The Hierarchy of Saturating Matching Numbers
Hans U. Simon, Jan Arne Telle
TL;DR
This work investigates three machine-teaching-inspired matching problems through the lens of combinatorial parameters: the saturating matching number $SMN$, the antichain matching number $AMN$, and the greedy variants $GMN$, including their primed versions. It establishes a hierarchy of inequalities among these parameters, studies their monotonicity and additivity properties, and analyzes their behavior on the powerset class $P_n$ to derive tight asymptotic bounds. The central contributions include the extremal results for the $(k,n)$-family via $C_{k,n}$, a bound of $AMN'(C)$ by $GMN'(C)$, and extensive structural analysis (monotonicity, additivity, and sub-additivity) that clarifies how these costs interact under domain and class extensions and free combinations. The paper also highlights the tightness of the hierarchy with concrete separations and ends with an open question on the sub-additivity of $GMN$, signaling directions for future work.
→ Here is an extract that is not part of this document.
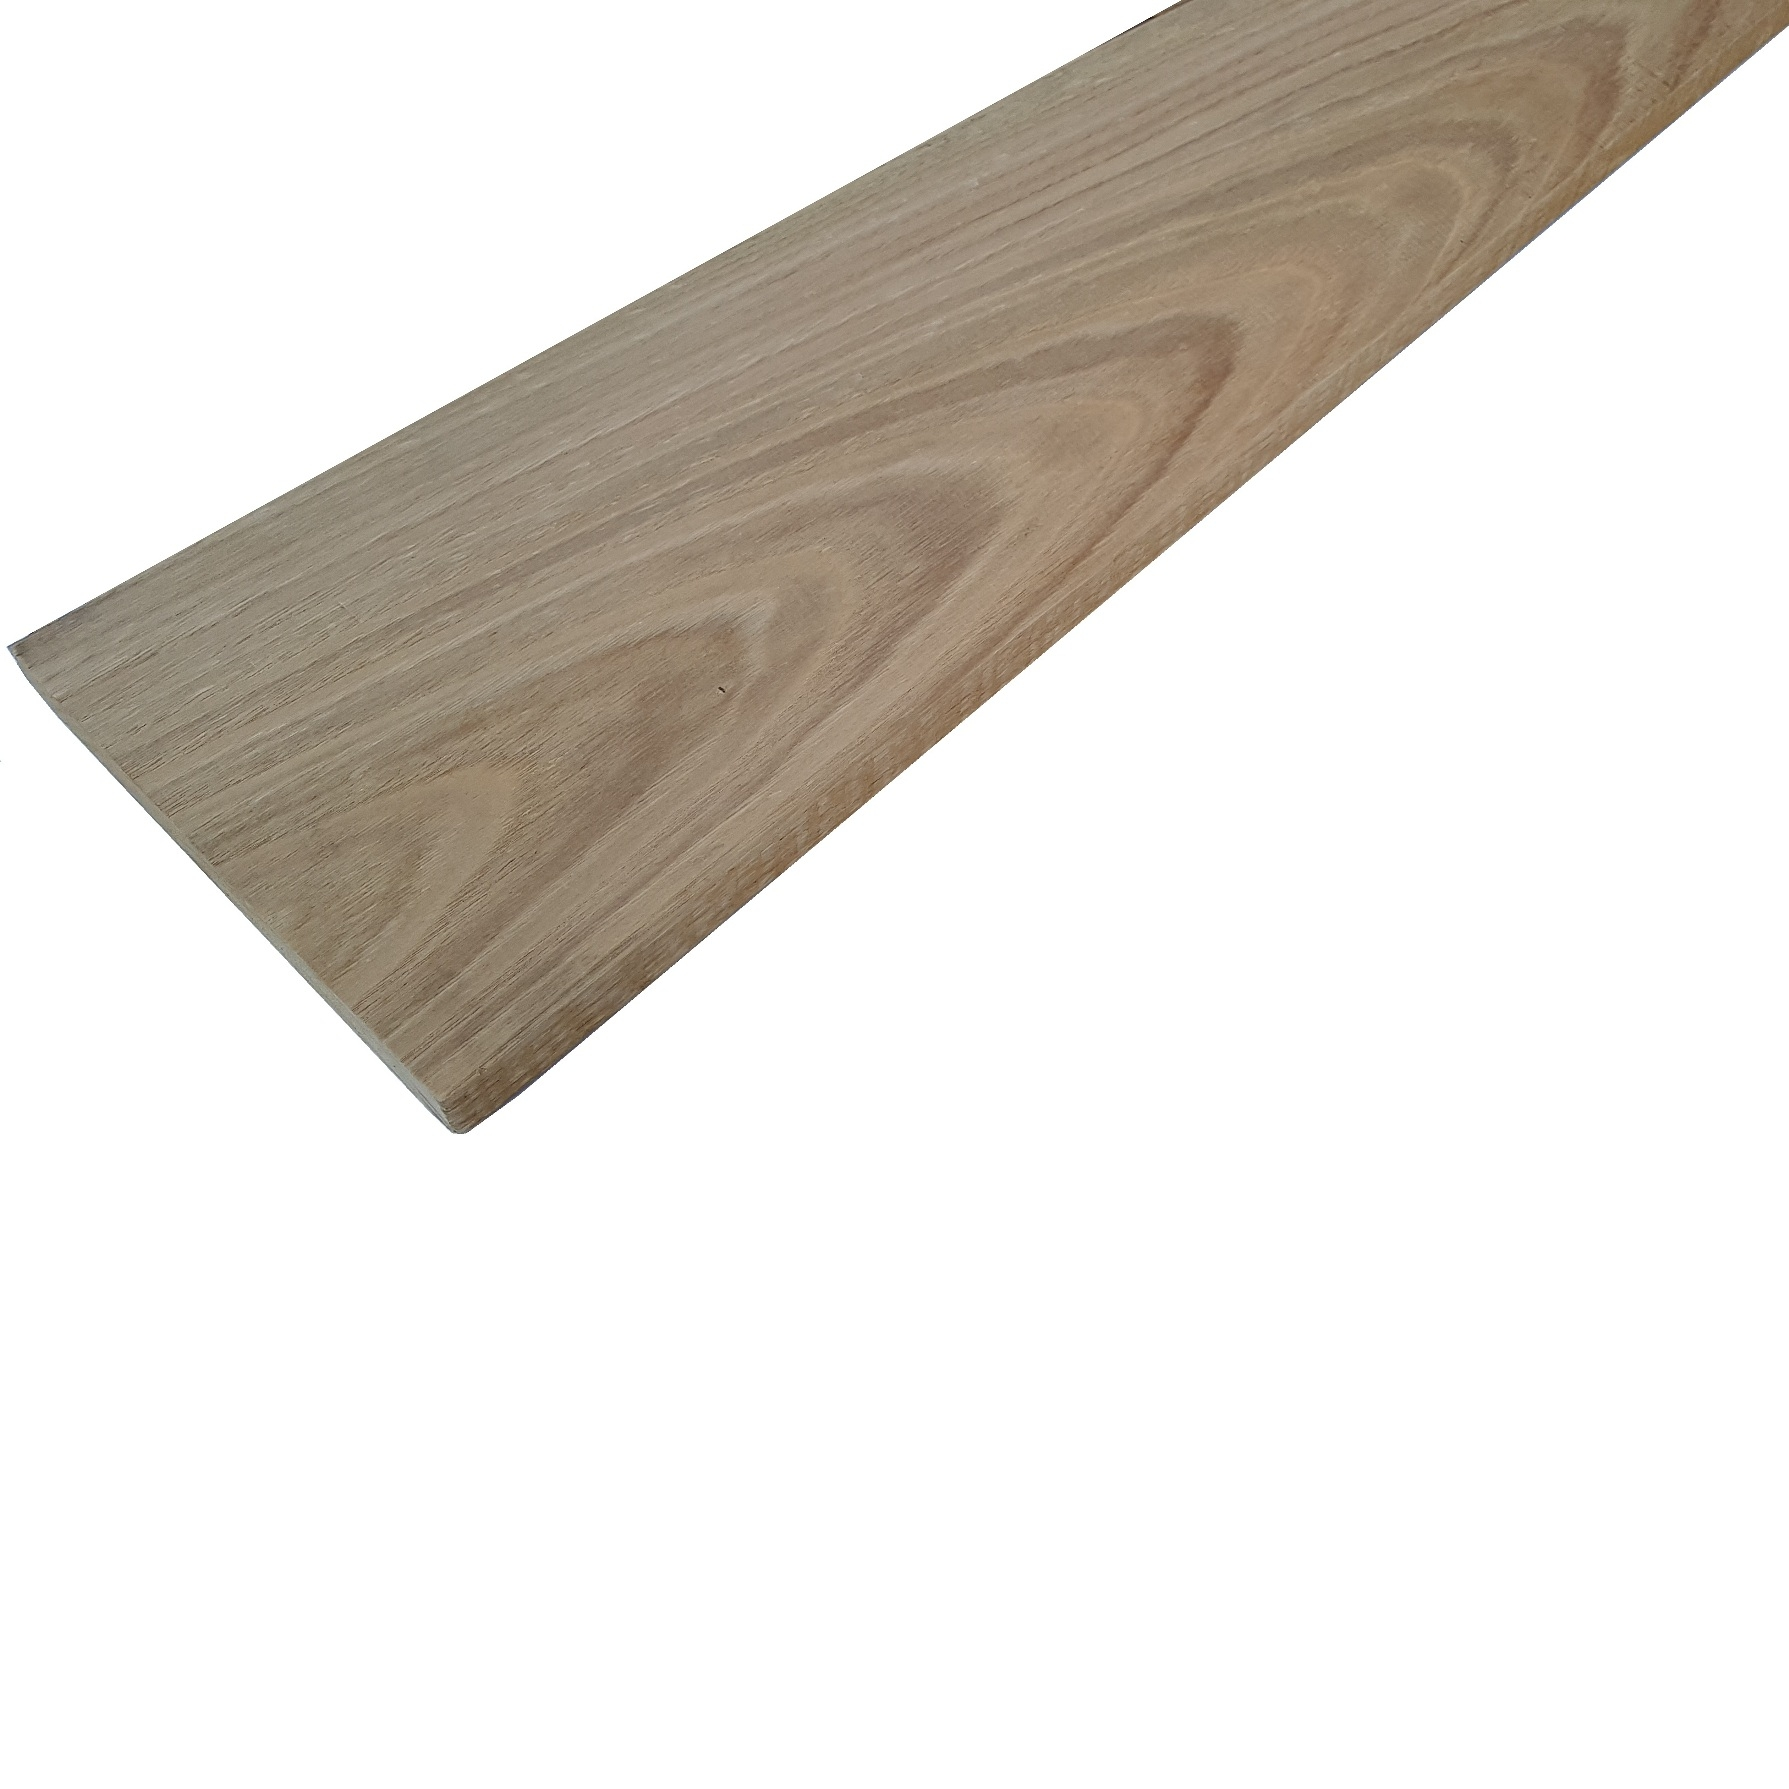 Tavole e listelli di castagno piallate tavola legno castagno piallato 2 2 x 12 x 120 cm - Tavole legno massello piallate ...

Overall, the results connect teaching-map cost measures to classical learning theory parameters (like $VCD$ and RTD) and provide a comprehensive map of how these combinatorial quantities relate and differ in representational settings relevant to teaching and learning.
Abstract
In this paper, we study three matching problems all of which came up quite recently in the field of machine teaching. The cost of a matching is defined in such a way that, for some formal model of teaching, it equals (or bounds) the number of labeled examples needed to solve a given teaching task. We show how the cost parameters associated with these problems depend on each other and how they are related to other well known combinatorial parameters (like, for instance, the VC-dimension).